Ye Ming maudit intérieurement. Ce Fan Xiguang était sans honte. Capturer vivant un roi ? Même lui n’en était pas capable ! Mais sachant que c’était un piège, il répondit simplement : « Bien reçu ! »
Ye Ming quitta la tente sous les regards, mais Fan Xiguang ne le lâchait pas du regard : « Yingwei, surveille-le. S’il tente de fuir, tue-le sur-le-champ ! »
« Oui. » répondit une voix grave, invisible.
De retour à son camp, Ye Ming ne mentionna pas l’ordre de Fan Xiguang. Au contraire, il sortit abondamment vin et viande pour son unité. La dernière bataille avait coûté la vie à plus d’un millier de Soldats Esprit Géant, et blessé plus d’un millier d’autres, nécessitant un temps de repos.
La nuit tombée, Ye Ming confia à Meng He en secret : « Meng He, je te confie pleinement le commandement des chefs de guerre. Les provisions sont dans la Bague de stockage, tu peux les utiliser à ta guise. »
« Seigneur, pourquoi ? » s’étonna Meng He.
« Ce Fan Xiguang me veut mort. Il ne sera jamais satisfait tant que je vivrai. Ce soir, je feindrai une incursion dans le Royaume de Wuyang. Vous ferez alors circuler la rumeur que je suis mort là-bas. »

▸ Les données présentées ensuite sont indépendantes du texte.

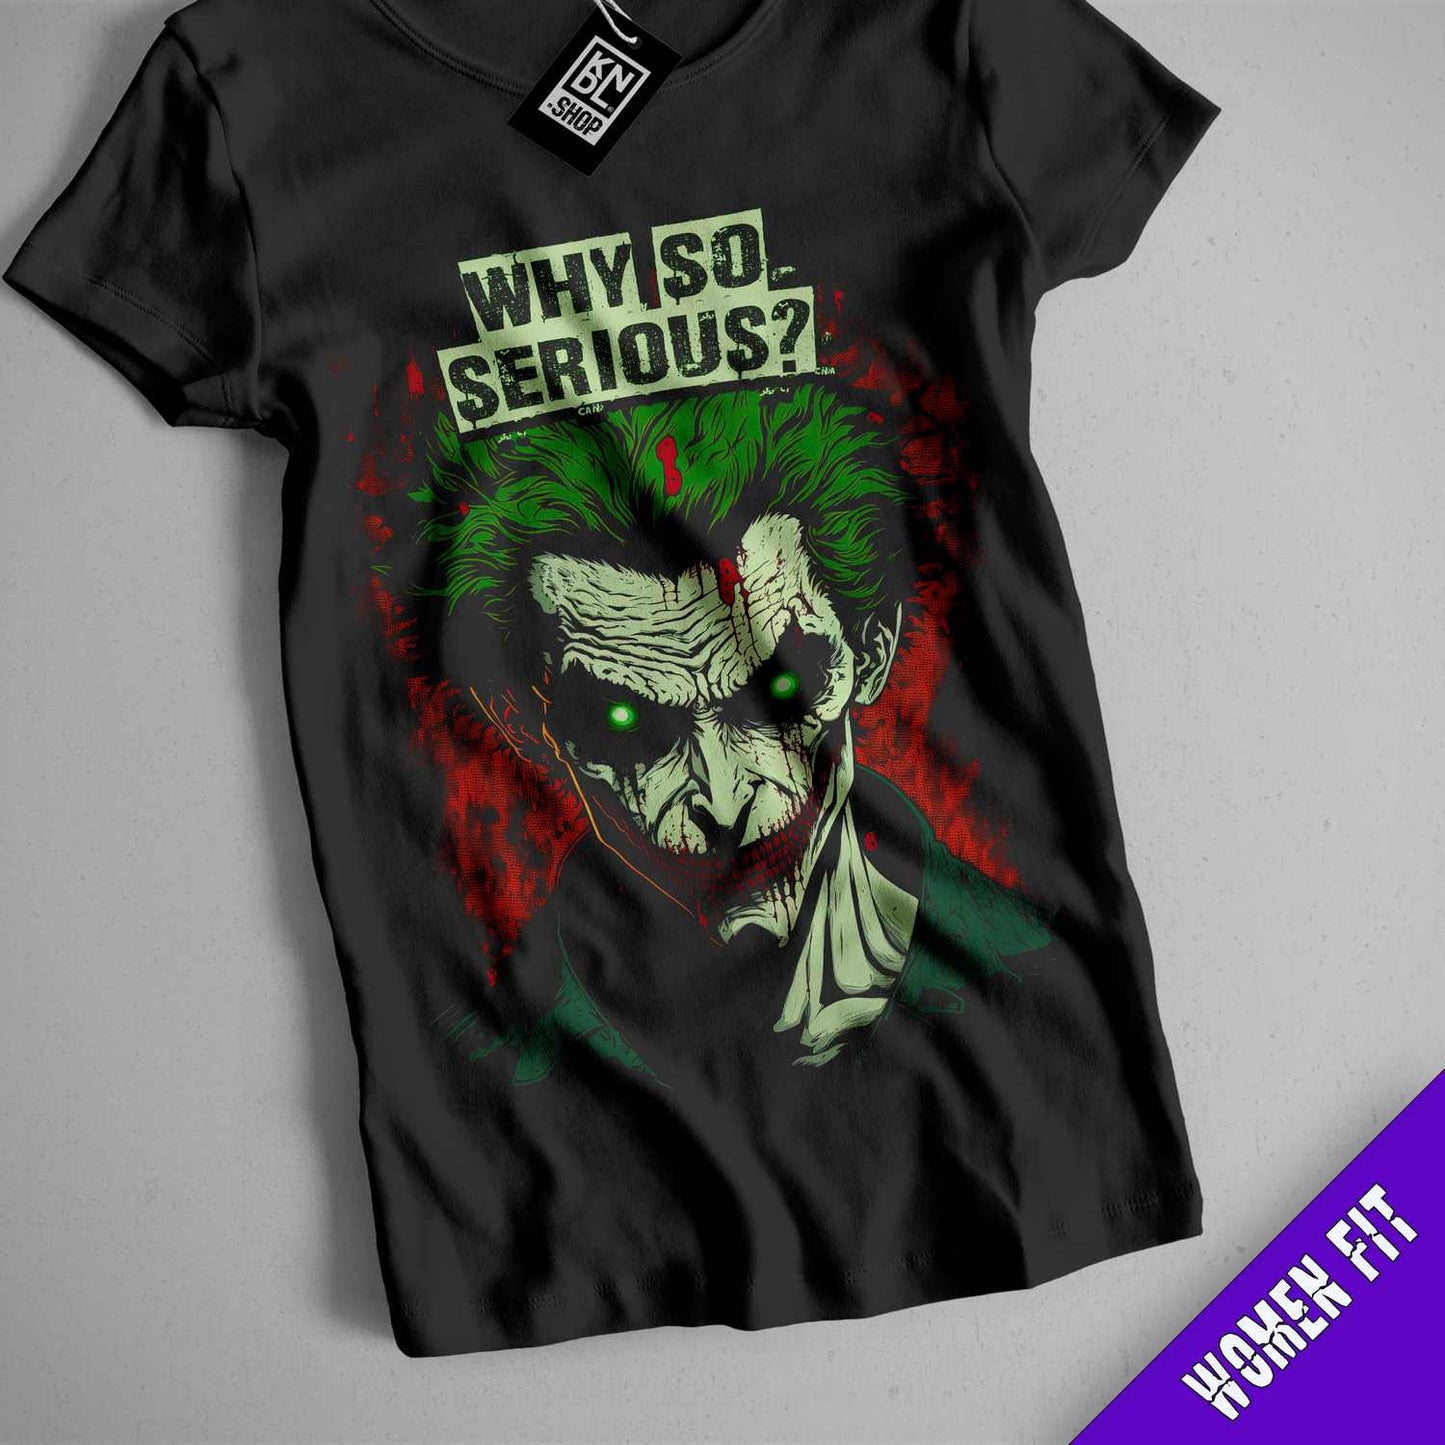 a black t - shirt with a picture of the joker on it

« Seigneur, veux-tu dire que tu ne veux plus de nous ? » demanda Meng He, abasourdi.
« Pas du tout. Dans un proche avenir je te recontacterai via une autre identité. Si vous voulez toujours me suivre, je vous offrirai un avenir meilleur. »
« Seigneur, soyez assuré. Nous sommes vos hommes dans la vie comme dans la mort, loyaux et fidèles, jamais nous ne vous trahirons ! »
« Vous êtes libres de choisir, mais pour l’instant, seul toi connais ce secret. Ne le dis à personne. »
« Je comprends. » répondit Meng He, un brin triste. « Quand reverrons-nous le seigneur ? »
« Ce ne sera pas long. Tant que vous vivrez, nous nous reverrons. »
Sur ces mots, Ye Ming se leva et quitta le camp pour rejoindre les murailles. En vérité, il aurait aimé progresser dans l’armée, mais la réalité lui montrait que ce chemin était fermé. Dans l’armée, le talent ne suffisait pas. S’il restait, Fan Xiguang finirait par le tuer. Il préférait donc abandonner temporairement son identité de Ji Wujiu, redevenir Ye Ming, et agir selon sa volonté.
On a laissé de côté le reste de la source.